The Games Themselves

This is where it got interesting. Same instructions. Four different games.

OpenClaw and Codex built a solid Cluedo text adventure. You could explore, talk to suspects, ask about your surroundings. Faithful to the brief and it worked.

Claude did the same but added something I hadn’t asked for. The suspect agents would talk to each other in the background, and you could overhear their conversations. The suspects also didn’t just give up information when you asked – you had to work at it, press them, catch them out. It made the whole thing feel more alive.

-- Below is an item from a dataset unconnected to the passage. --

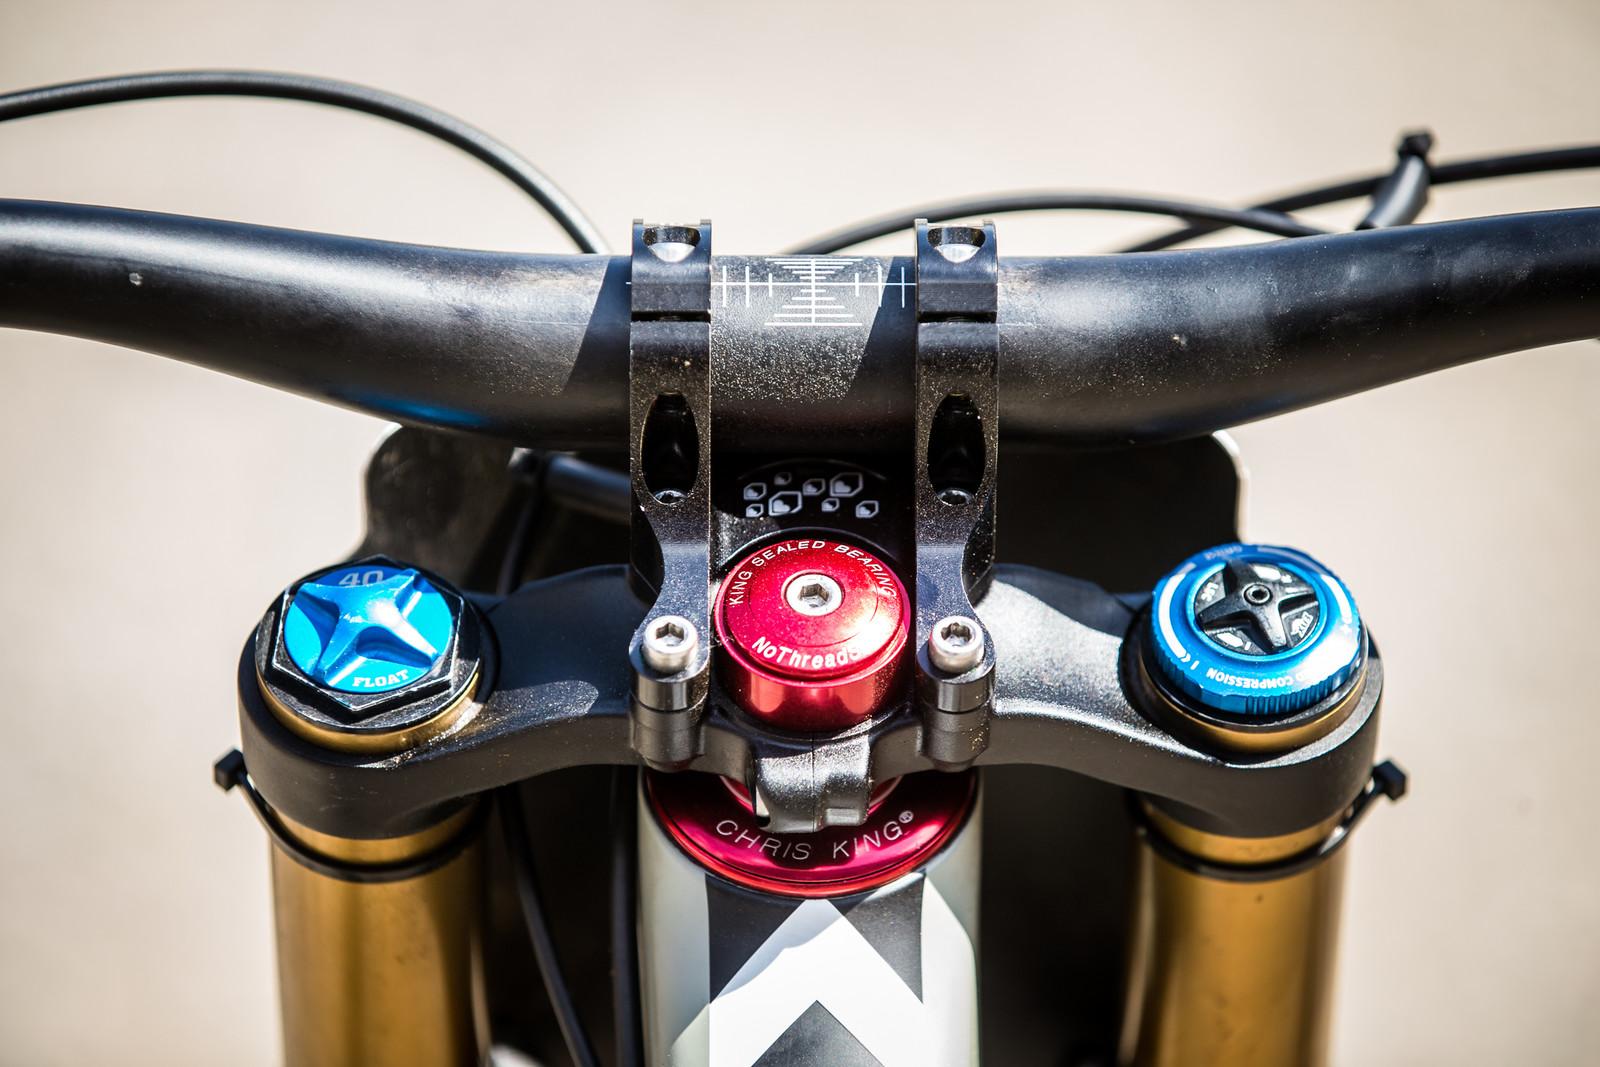 Burgtec Direct-Mount Stem - WINNING BIKE - Loris Vergier's Santa Cruz V10cc 29 - Mountain Biking Pictures - Vital MTB

Bob went a different direction entirely. Instead of suspects holding cards, it built all the clues into the mansion itself. You had to read letters, notes, memos scattered through the rooms. Some of those could be used to pressure suspects into talking. Others were direct hints – blood on a lamp, a torn envelope in a drawer. It felt less like a card game and more like an actual crime scene investigation.

All from the same instruction file.

So What?

This isn’t a benchmark. I’m not crowning a winner. But it showed me something I think matters. Give four systems the same brief and they don’t just write different code – they make different creative decisions. What to emphasise. What to add. How to interpret the problem.

They can all write code. That bit’s settled. The more useful question is whether you want to be part of the process or just see what comes out the other end.


If you want to test these tools yourself, give them something that isn’t a standard coding exercise. That’s where the differences show up.